If a possible thesis of the Riviera Project is that exterior design matters, then by definition, the exterior colors matter. A detailed study of these colors turns out (surprise!) to be another rabbit hole.
I have decided to build visualizations of each generation’s colors, trying to get all the years and colors on a single page (though that may be challenging with the lengthy sixth and seventh generations). Building accurate visualizations means some attention to detail: the same color name may change painting codes from year to year, while the same painting code sometimes applies to different color names.

I’m using (mostly) scans of the original paint samples from PPG and others. These samples have, of course, aged—and accurately restoring them is non-trivial. There’s also the whole issue of how to depict different textures of paints—metallics, Firemists, etc.—one I have not yet solved.

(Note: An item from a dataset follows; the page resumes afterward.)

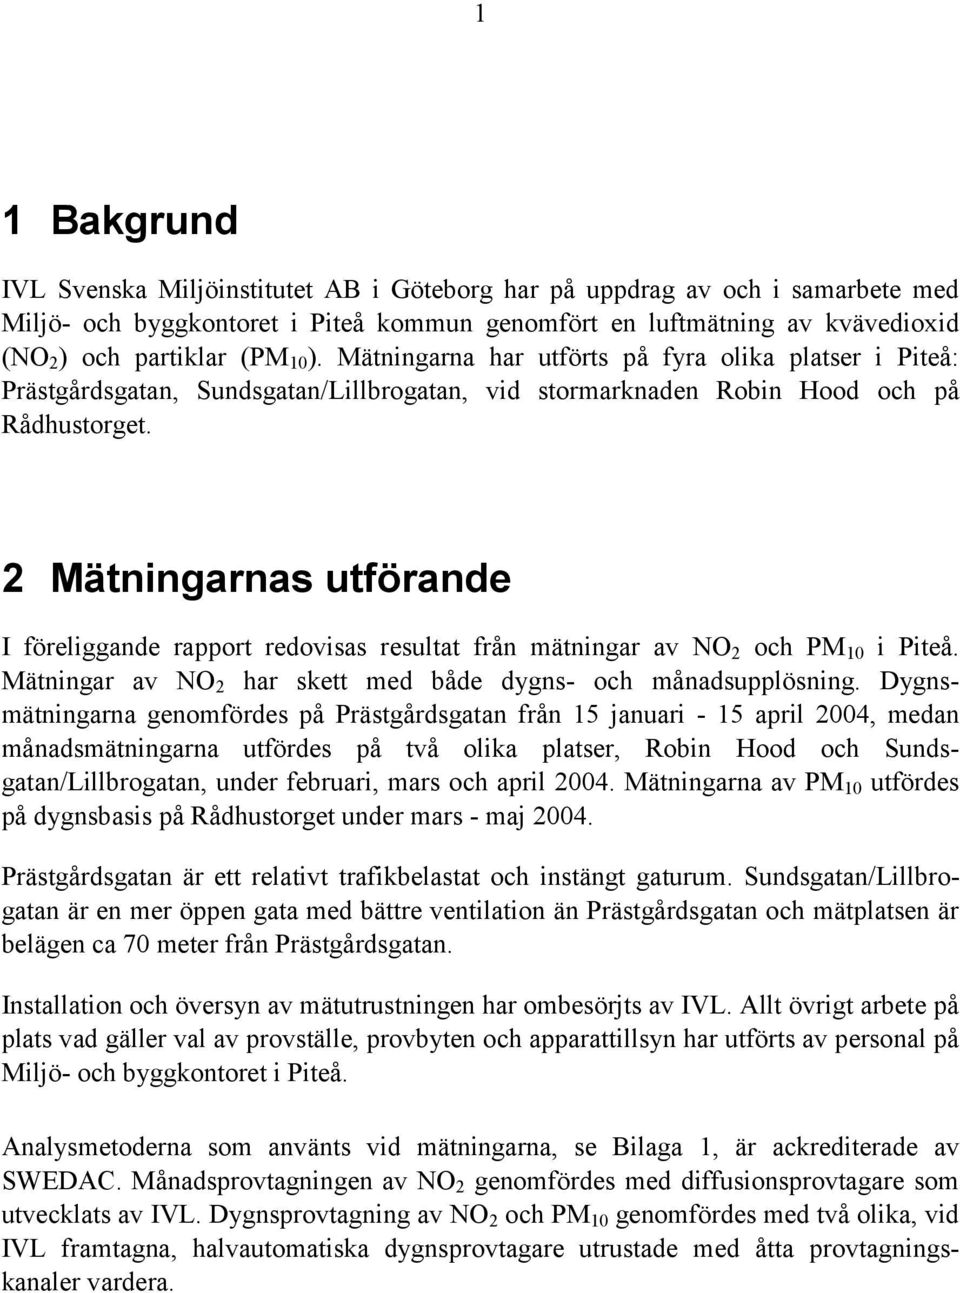 2 Mätningarnas utförande I föreliggande rapport redovisas resultat från mätningar av NO 2 och PM 10 i Piteå. Mätningar av NO 2 har skett med både dygns- och månadsupplösning.

There are many reasonable ways to sort and display these colors. I have chosen to organize the colors in the traditional ROYGBIV fashion, with the blacks, grays, whites, and various beiges and browns on top. I also combine color names across multiple years if the paint code stayed the same.
Building the visualizations in this way clearly shows changes in color fashion detailed in The Secret Lives of Color and other books. For example, note the pronounced movement toward more beiges and greens as model years moved from 1966 to 1970 in the chart above. There were also no yellow second-generation Rivieras, though the prior and following generations both offered various yellows.
Thus, we proceed, with the one guarantee that the charts as currently designed are probably not in their final form.